Set the Jerusalem artichoke pieces into a large pot and fill with cold water. Set over high heat; bring mixture to a boil, and continue cooking for 20 – 25 minutes, or until the Jerusalem artichokes are easily mashed with a fork.
Drain the Jerusalem artichokes and, when cool enough to handle, then send them through a ricer. (You can also just mash with a fork.)
Set the ricedJerusalem artichokes on a lightly floured work surface, make a well, add the egg. Then, sprinkle on the flour, 1 cup at a time, adding up to 3 cups. Use a pastry scraper to fold the flour into the mixture. Mixture will be fairly sticky. With a light touch, continue adding the remaining cup of flour, or just enough so that the dough stops sticking to your fingers. Once the dough is holding together, knead it lightly for a minute or so.
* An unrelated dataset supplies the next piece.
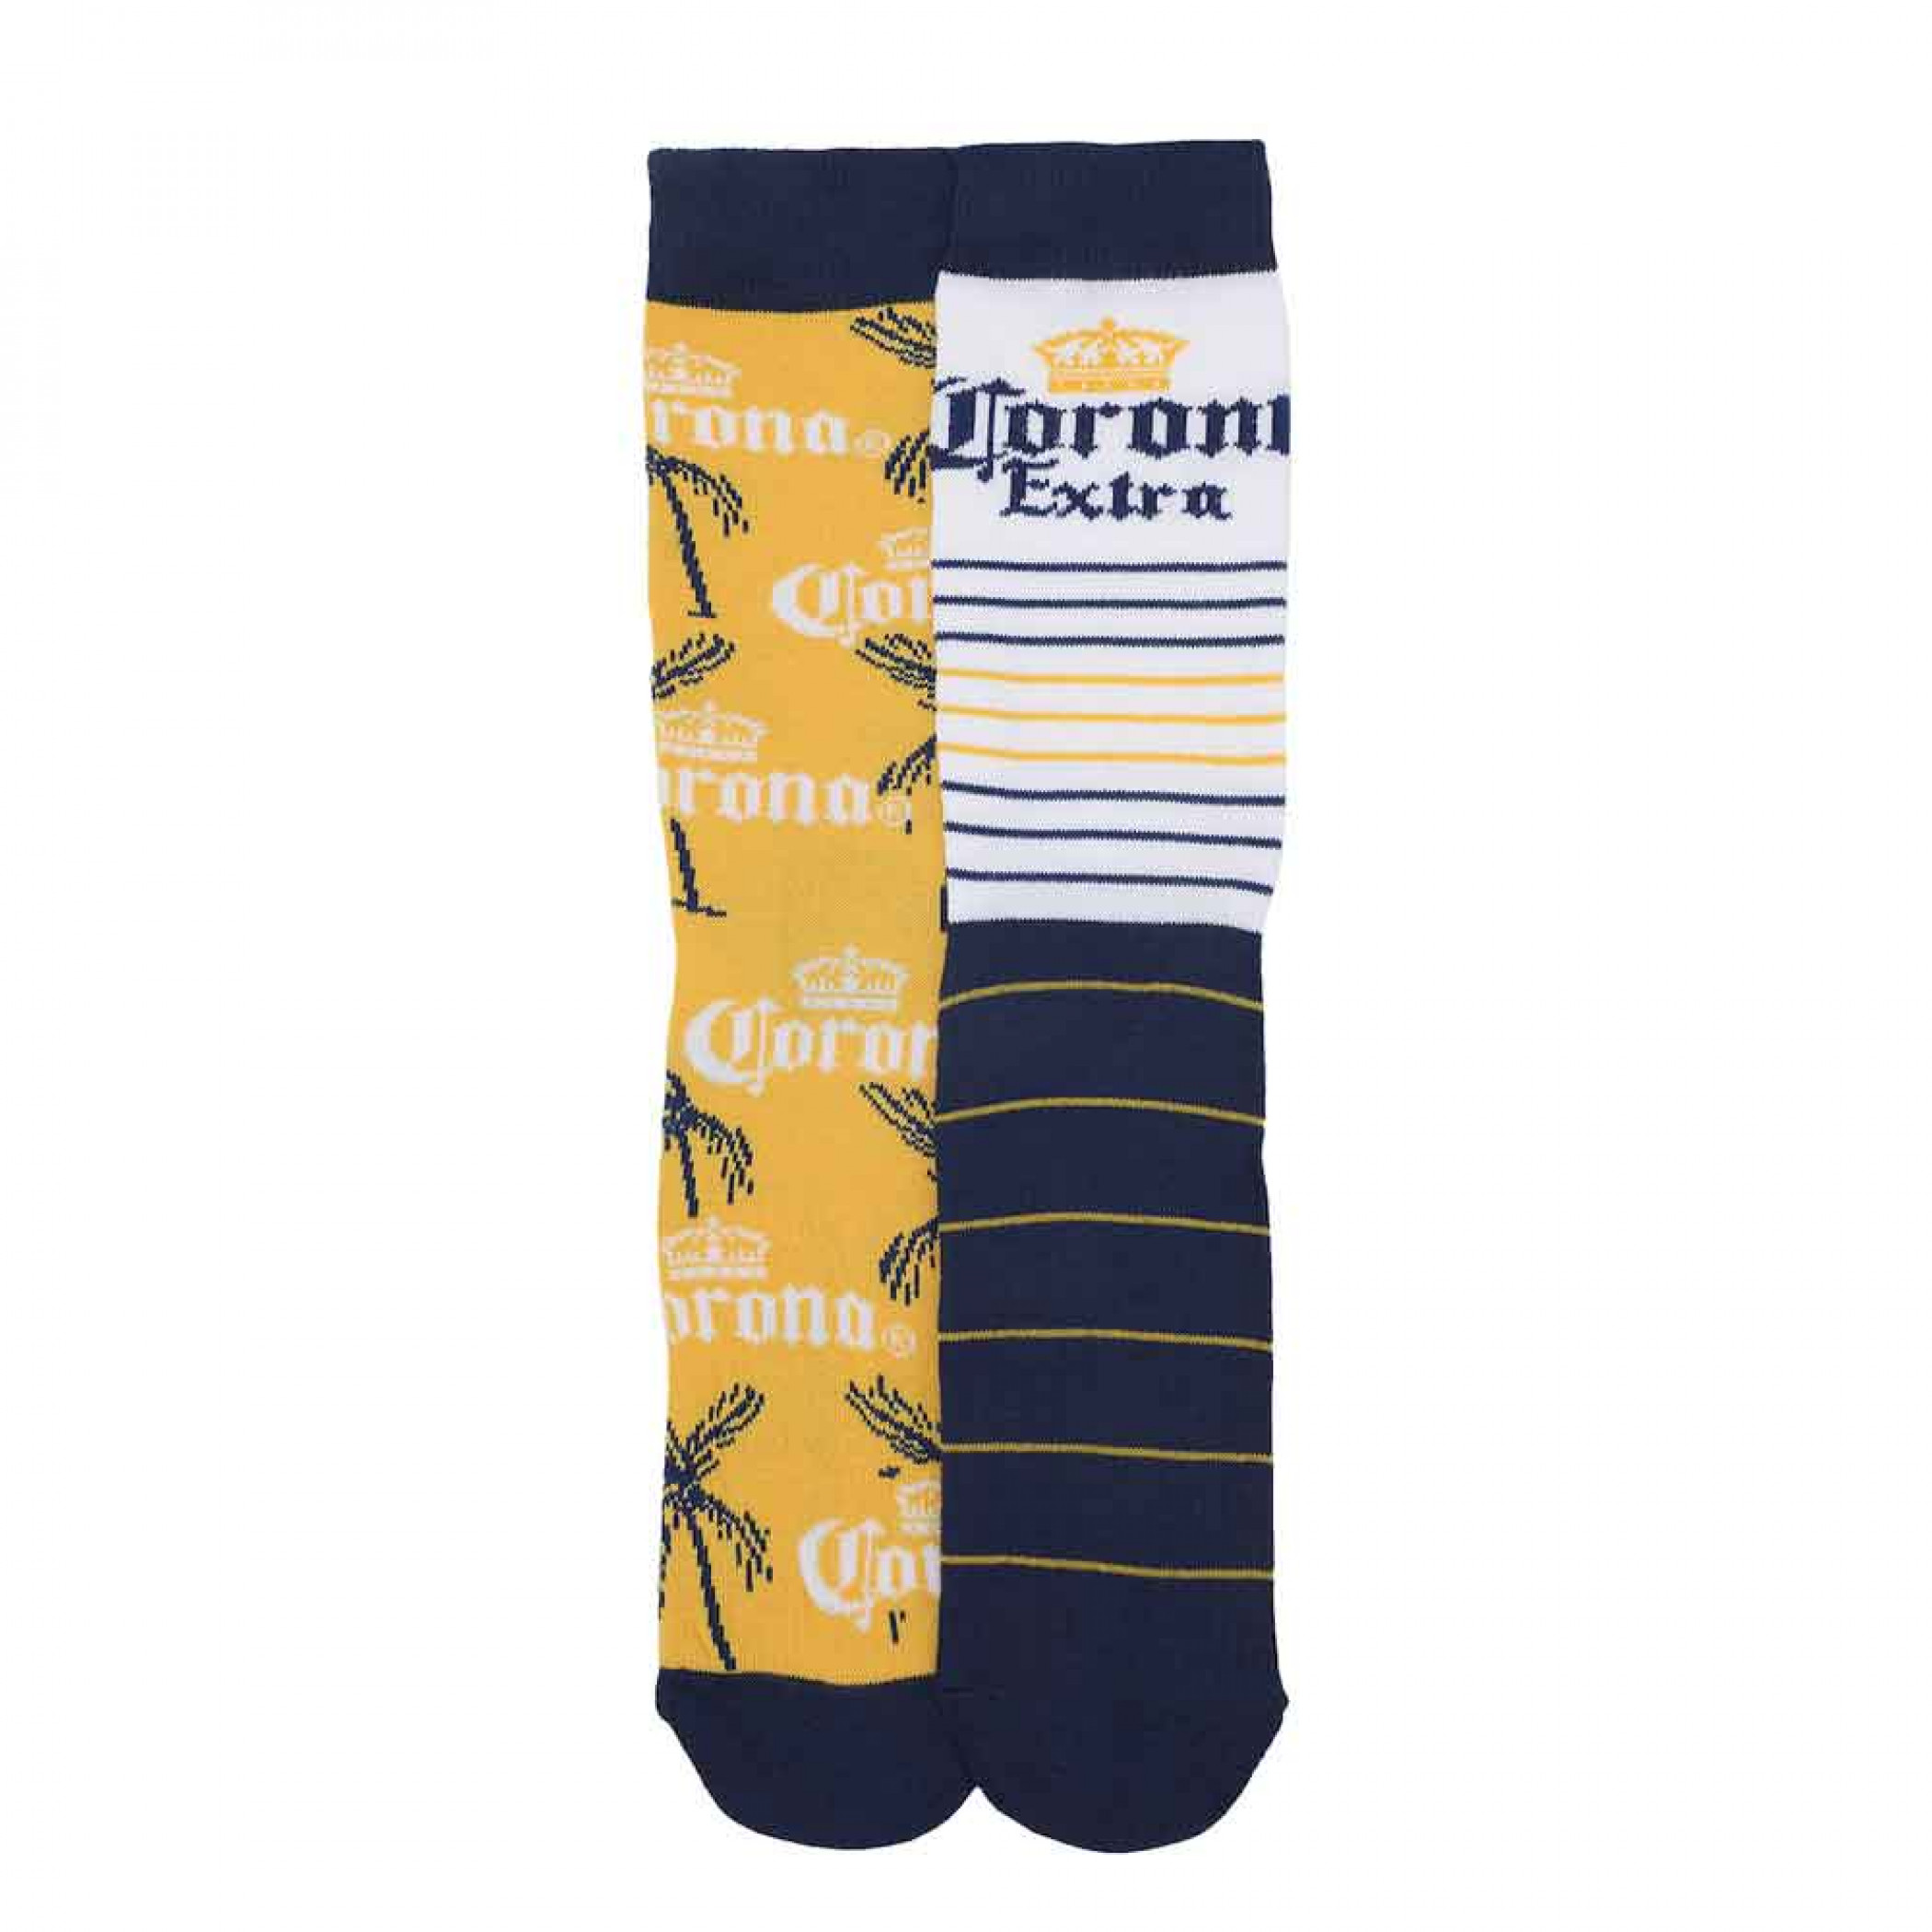 Corona Extra 2-Pairs of Crew Socks in Beer Can Set

Form into an oblong mound, and then use the pastry scraper or a knife to divide into 8 sections.
On a well-floured work surface, gently roll each section into a long, 3/4 inch thick tube. Use a sharp knife to cut off 1/2 inch sections, make a tiny indentation in the center with your fingertip, and then set on a lightly floured tray. Continue until all the gnocchi have been made.
Bring a large stock pot with plenty of water to a boil. Add enough sea salt that a drop of the water tastes like the sea. Gently lower several gnocchi at a time into the rapidly boiling water. As soon as the gnocchi float up to the top, remove from water with a slotted spoon and set aside. Drizzle cooked gnocchi with a bit of olive oil.
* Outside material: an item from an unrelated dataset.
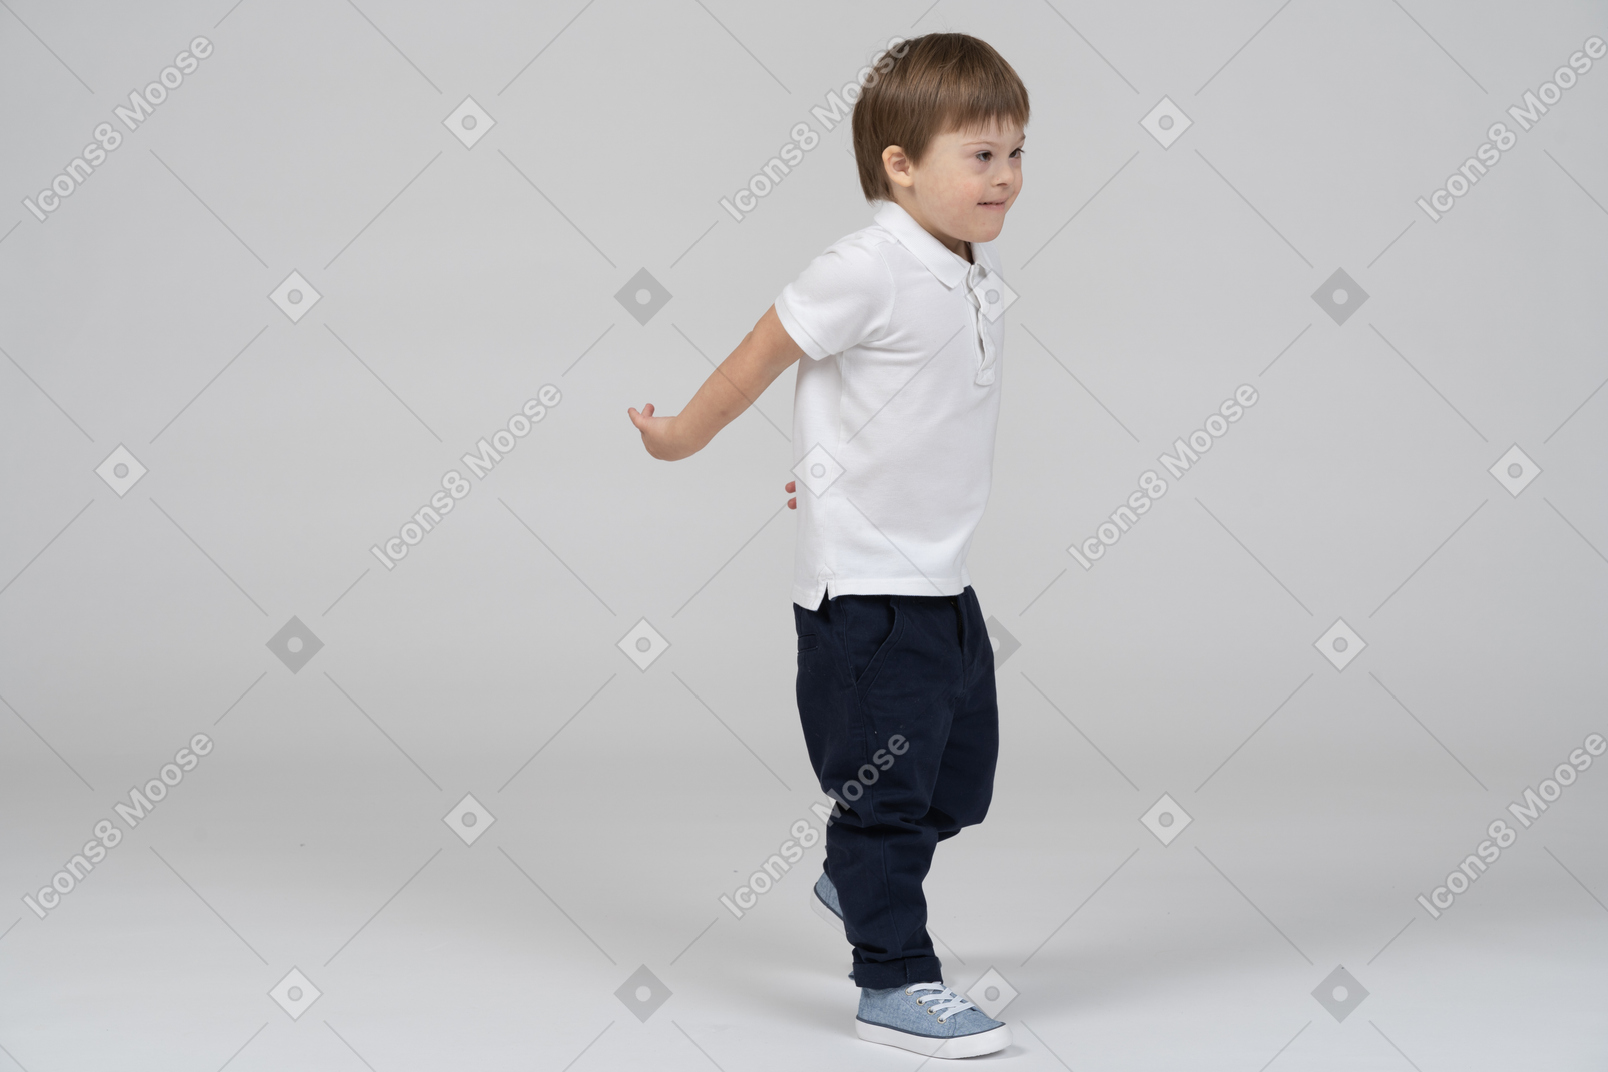 Three-quarter view of a boy stepping forward with hands behind his back

To pan fry the gnocchi, add a tablespoon on extra virgin olive oil to a medium skillet over medium-high heat. Add several at time, and cook each side for 2 minutes. (They tend to stick to the pan, so add more olive oil as needed, be watchful, and nudge them continuously.)
Meanwhile, heat a large skillet over medium-high heat. Add 2 tablespoons olive oil. When hot and shimmery, add the red pepper flakes, 1/4 teaspoon of sea salt, and black pepper. Add the shallots, and sauté until translucent. Next add the garlic and sauté a minute more. Add the kale, a bit at a time, along with a pinch of sea salt for each batch. Turn until kale has cooked down. Sprinkle in the vinegar and lemon zest. Turn heat to low, and cook for another 5 minutes or so.
Spoon over a handful of gnocchi and finish with the shaved Asiago and a drizzle of olive oil.